The three types of site preparation treatments applied are: mechanical, chemical, prescribed burning. Mechanical site preparation is the most common type used in the Bancroft Minden Forest
- Mechanical – using machinery and/or attachments to modify onsite vegetation, logging debris and surface organic matter. A bulldozer or skidder blade is typically used to allow for desirable seed germination while removing competition. This facilitates good conditions for tree-planting.
- Chemical – the application of herbicides through helicopter, skidder mounted airblast, or manually using tools like a backpack sprayer.
- Prescribed burning – using controlled fires to reduce vegetation, logging debris and organic matter to facilitate good tree-planting conditions.
BMFC manages two white pine seed orchards which were originally established by the Governement in the 1970’s to provide genetically improved seed stock to support future tree planting operations. We collect seed from these orchards during good seed years to replenish our seed ‘bank’ account.

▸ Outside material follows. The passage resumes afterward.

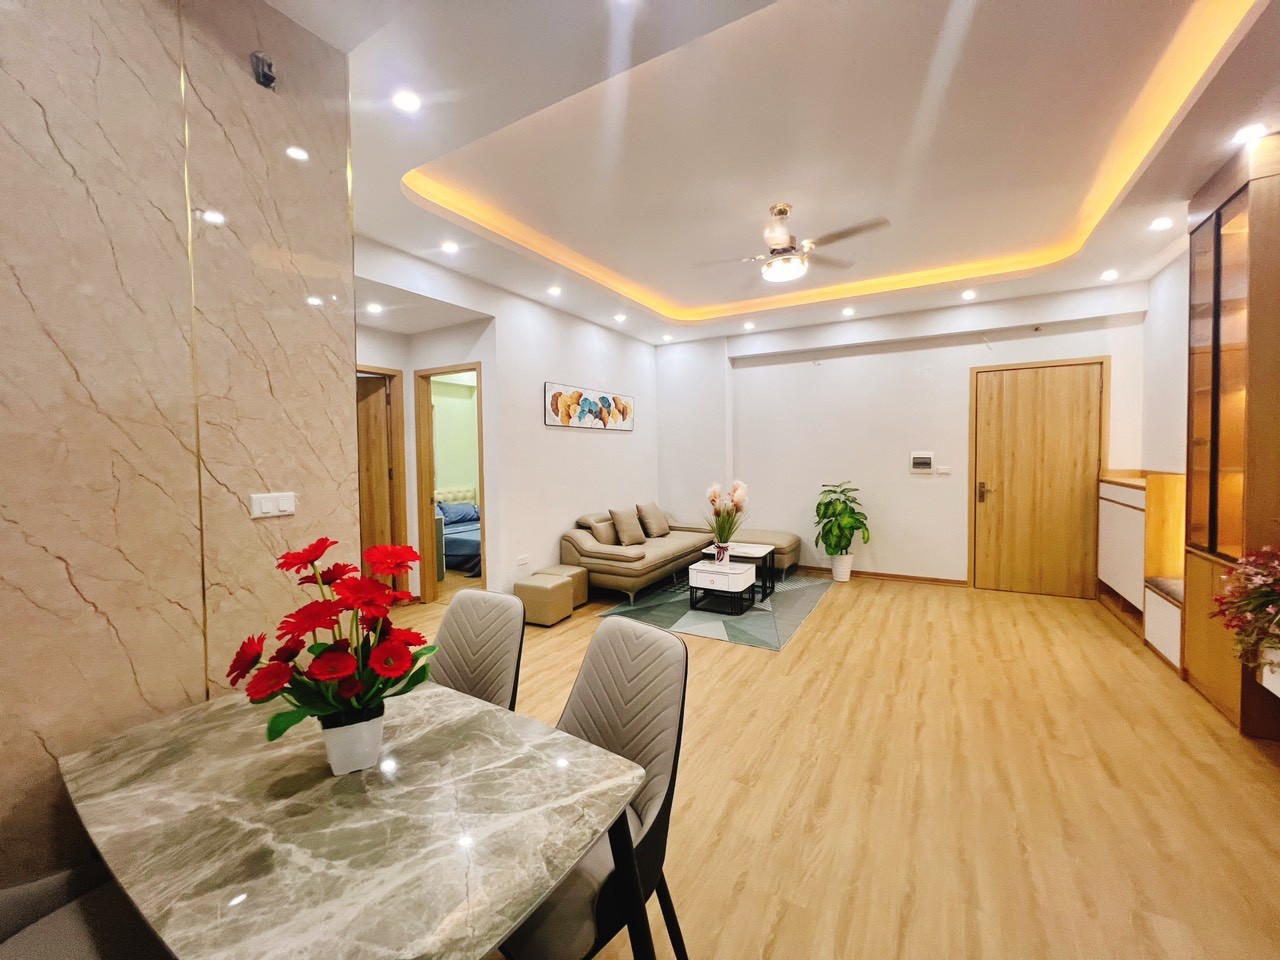 Cần bán căn hộ góc 2PN full nội thất, giá rẻ nhất tại KĐT Thanh Hà Cienco 5 2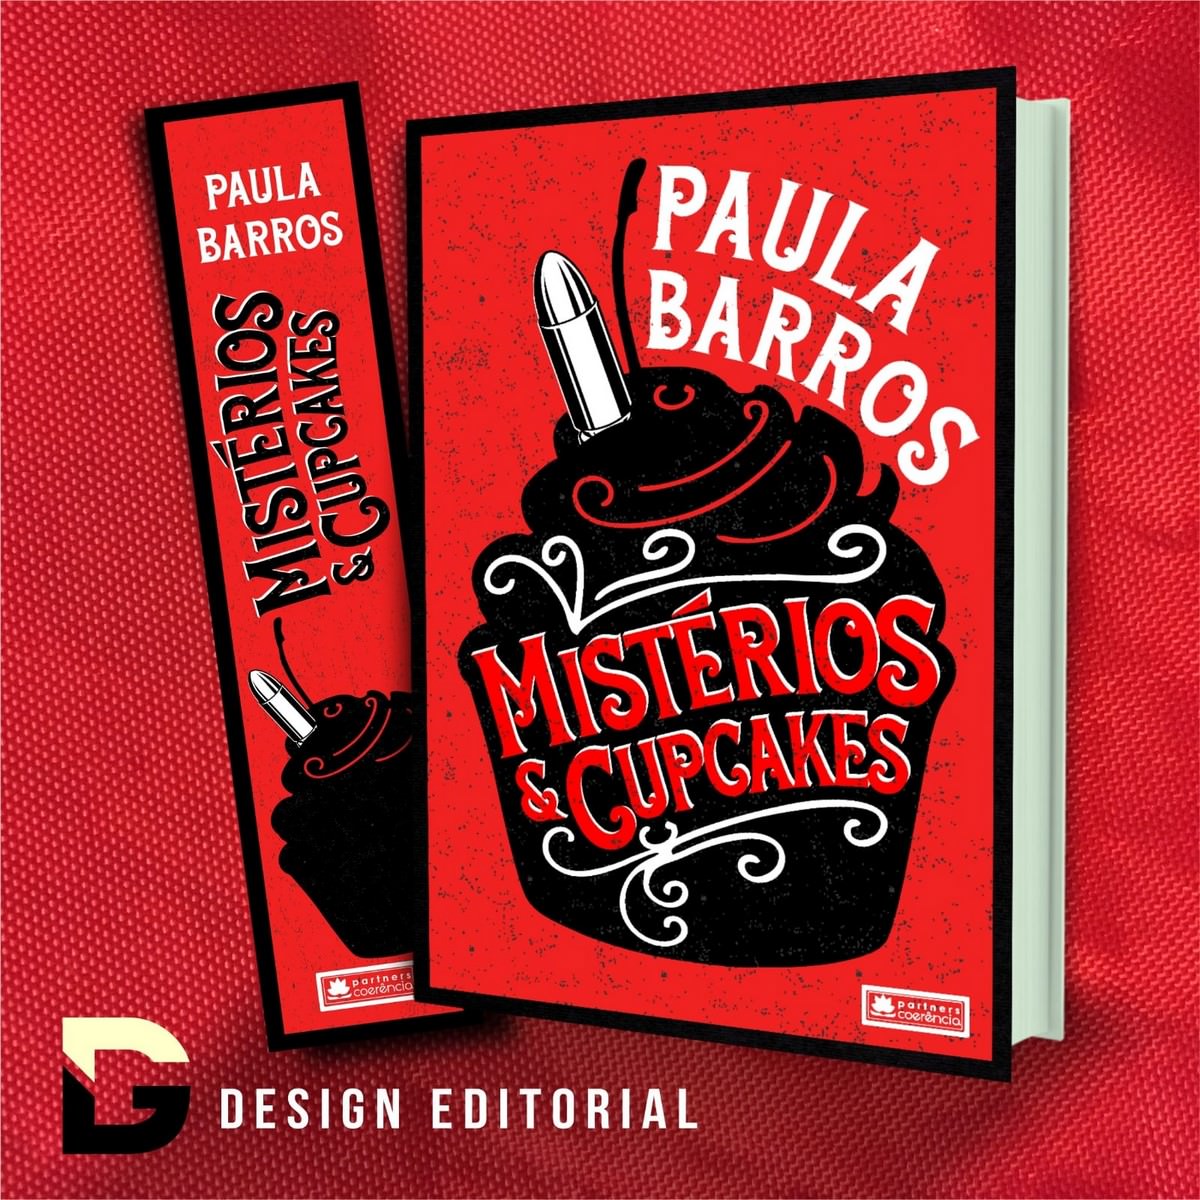 "Μυστήρια και κέικ", το ντεμπούτο βιβλίο του συγγραφέα Paula Barros, πανό. Αποκάλυψη.

Tending operations are designed to improve the survival, growth and quality of the forest. This can either be done mechanically or chemically, depending on forest conditions and desired outcomes. The most common tending treatments practiced on the Bancroft Minden Forest are:
- Cleaning: This is the process of selectively removing undesirable tree species that are in direct competition with crop species. Most commonly, BMFC employs cleaning operations following pine planting projects. Faster growing species, such as poplar, birch, and red maple, are removed to reduce competition for pine seedlings. This is usually done mechanically; however, chemical treatments may also be used.
- Thinning: BMFC engages in thinning operations to improve the composition and quality of the forest. This is a mechanical operation where unmerchantable trees removed to provide space and light for healthier, more vigorous trees. This usually takes place in even aged stands, such as red pine forests.
- Stand Improvement: This is very similar to thinning, but it usually takes place in uneven aged hardwood forests. Unmerchantable trees that are diseased or defective are felled to reduce competition for healthier trees.
90% of the harvested forests in the Bancroft Minden Forest are regenerated naturally, leaving the remainder 10% to be regenerated through tree-planting. Tree-planting is most commonly used to regenerate white pine and red pine.
Most tree-planting in the BMFC occurs in the spring, typically between April 20th and May 15th. The majority of our sites that have tree-planting occur are mechanically site-prepped first.
The Bancroft Minden Forest Company does not hire tree-planters but may provide contact information for the contractors involved in our program.
There are many red pine plantations which were established decades ago on marginal lands where thinning is performed every 1 – 2 decades. After 4-6 entries, we typically underplant them to red or white pine to restart the process.
This plantation was thinned in the year marked by the pencil point. You can see how much faster its growing after thinning than before; as the trees start to grow in and take up space, they compete with each other for limited resources, stunting their growth. By thinning, we focus on removing the stunted trees with defects or poor form to release the healthiest trees from competition so they can continue to grow faster and sequester more carbon than they would in an overgrown plantation.